((
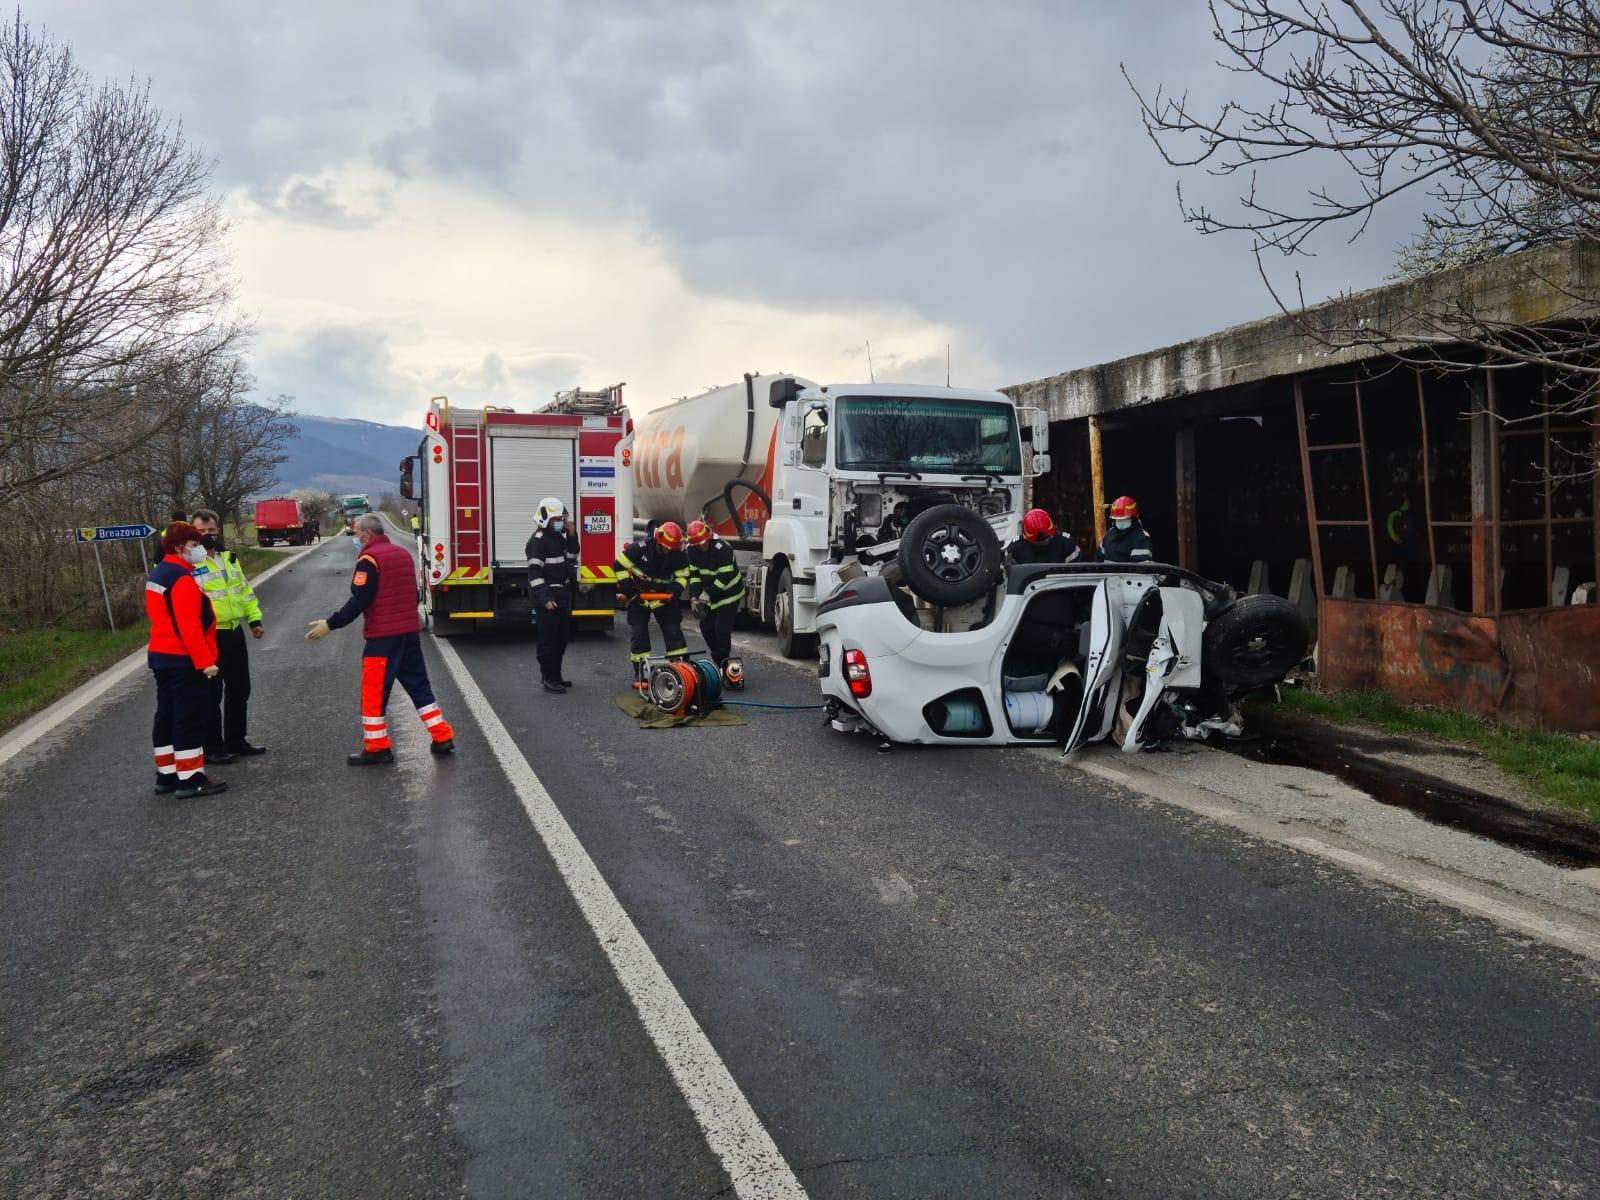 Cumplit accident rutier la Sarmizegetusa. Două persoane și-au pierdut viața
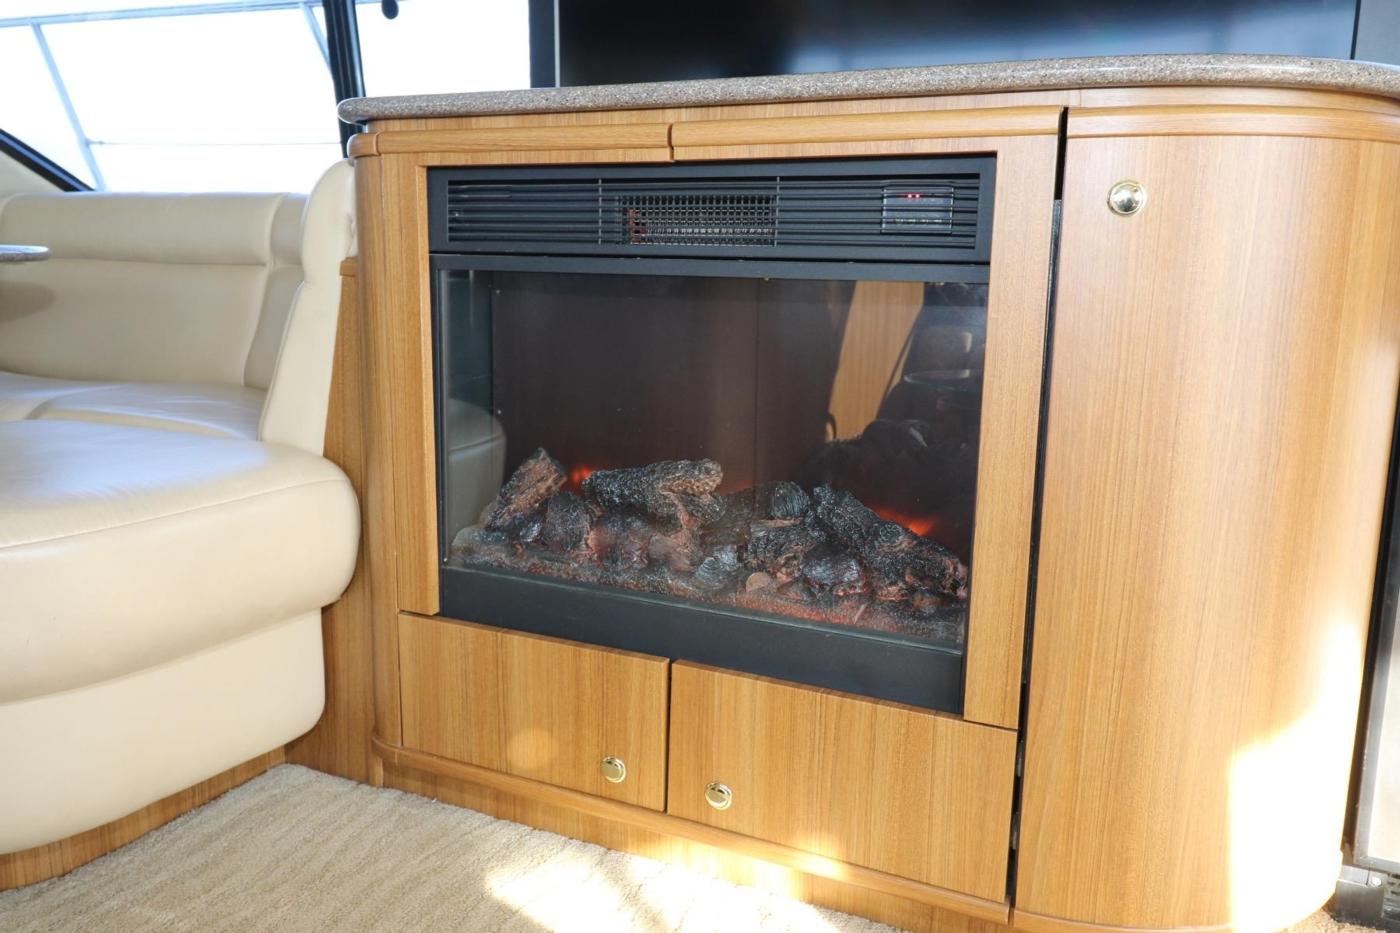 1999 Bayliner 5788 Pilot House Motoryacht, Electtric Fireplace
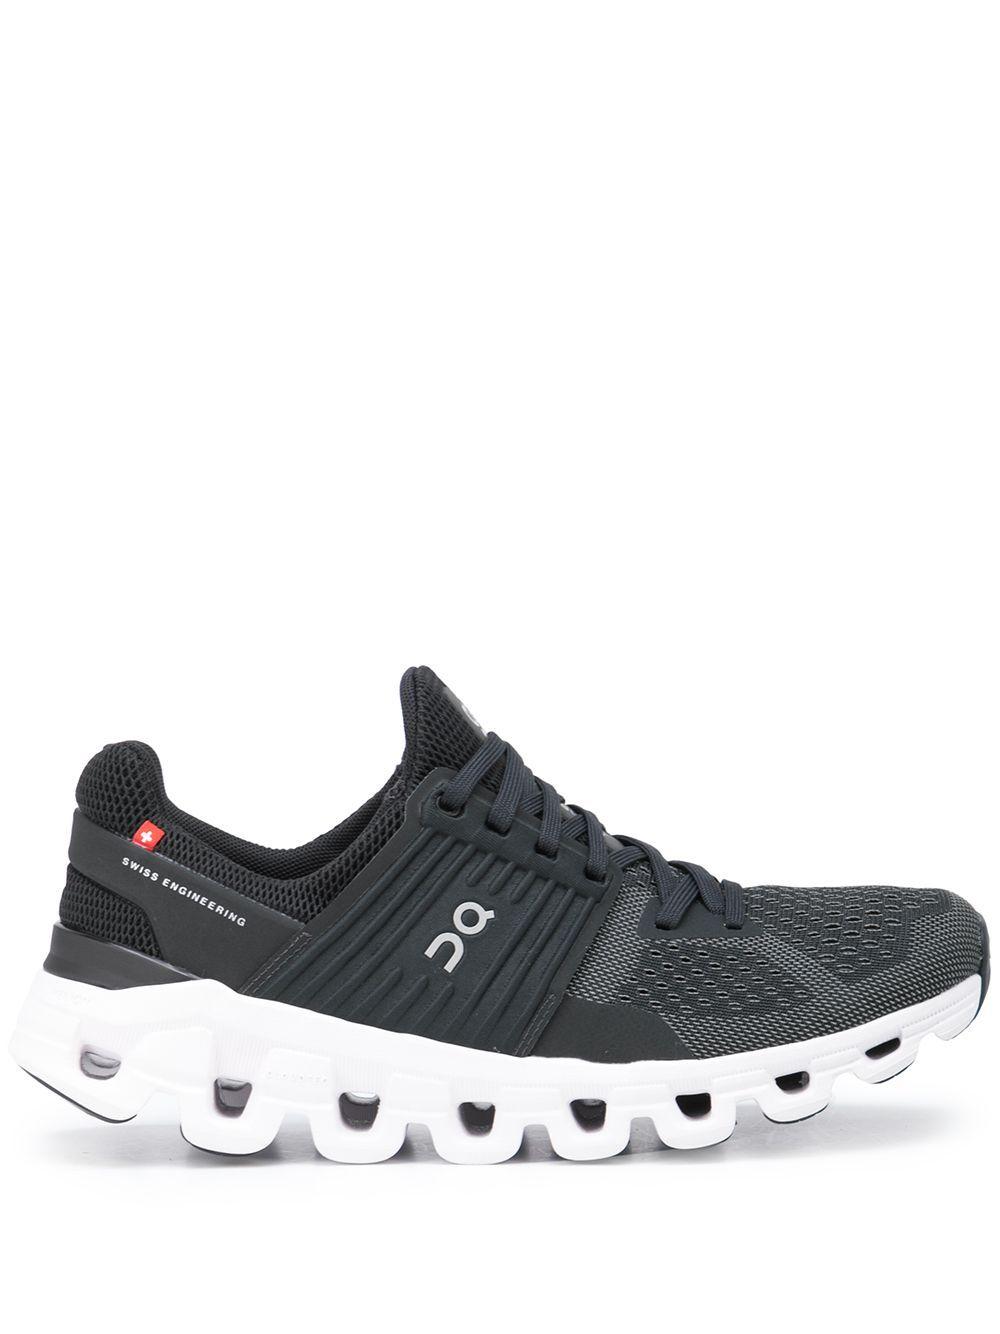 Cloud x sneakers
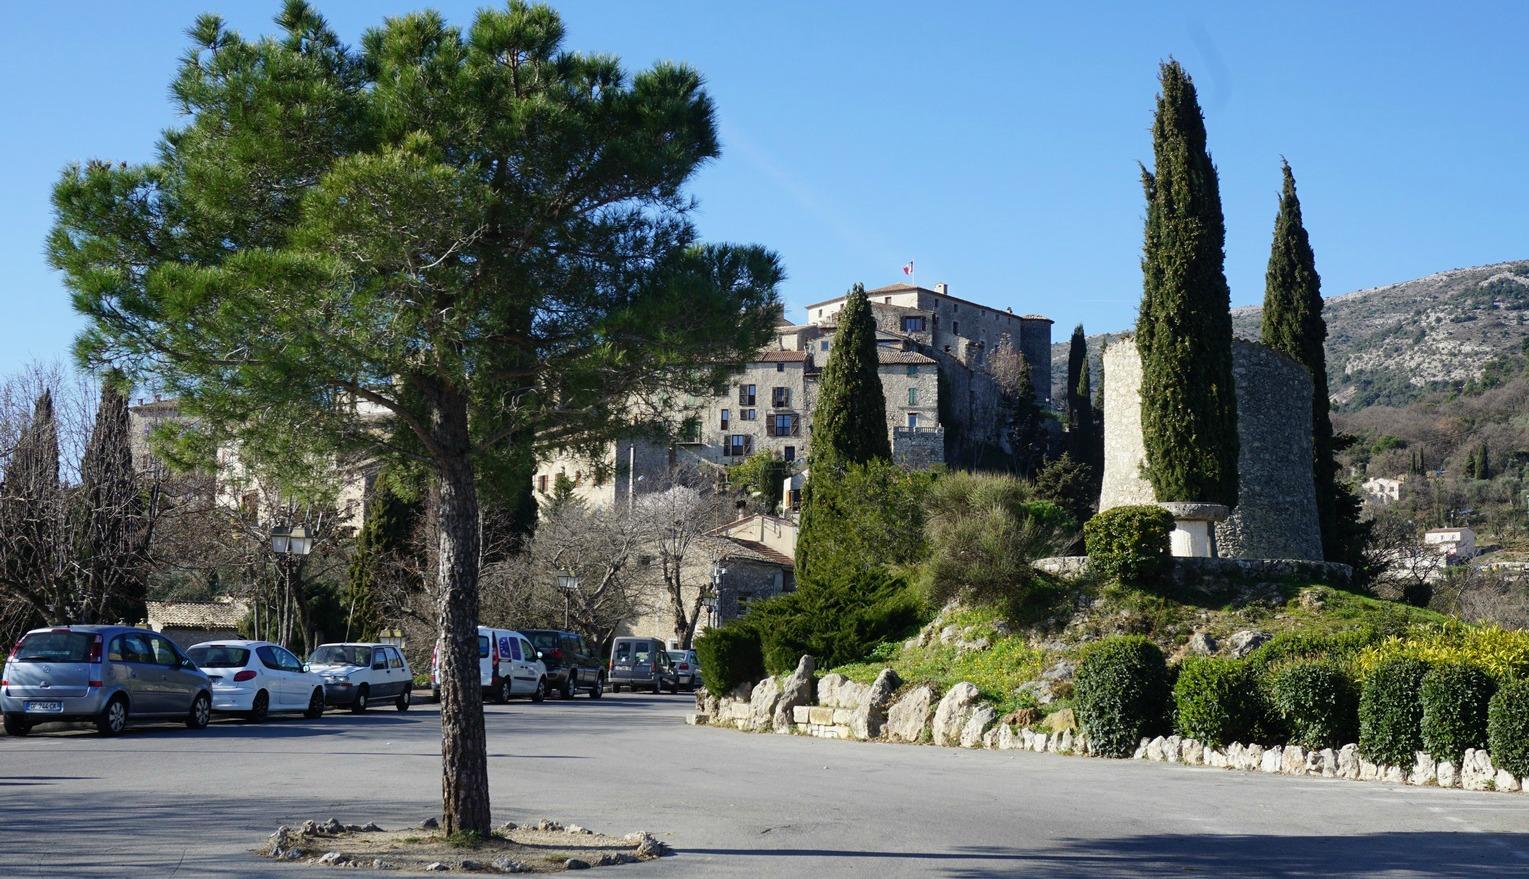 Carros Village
))
# [Your task]
Copy the whole listing above word for word but do not carry over the pictures.

# [Exercise solution]
 Cumplit accident rutier la Sarmizegetusa. Două persoane și-au pierdut viața
 1999 Bayliner 5788 Pilot House Motoryacht, Electtric Fireplace
 Cloud x sneakers
 Carros Village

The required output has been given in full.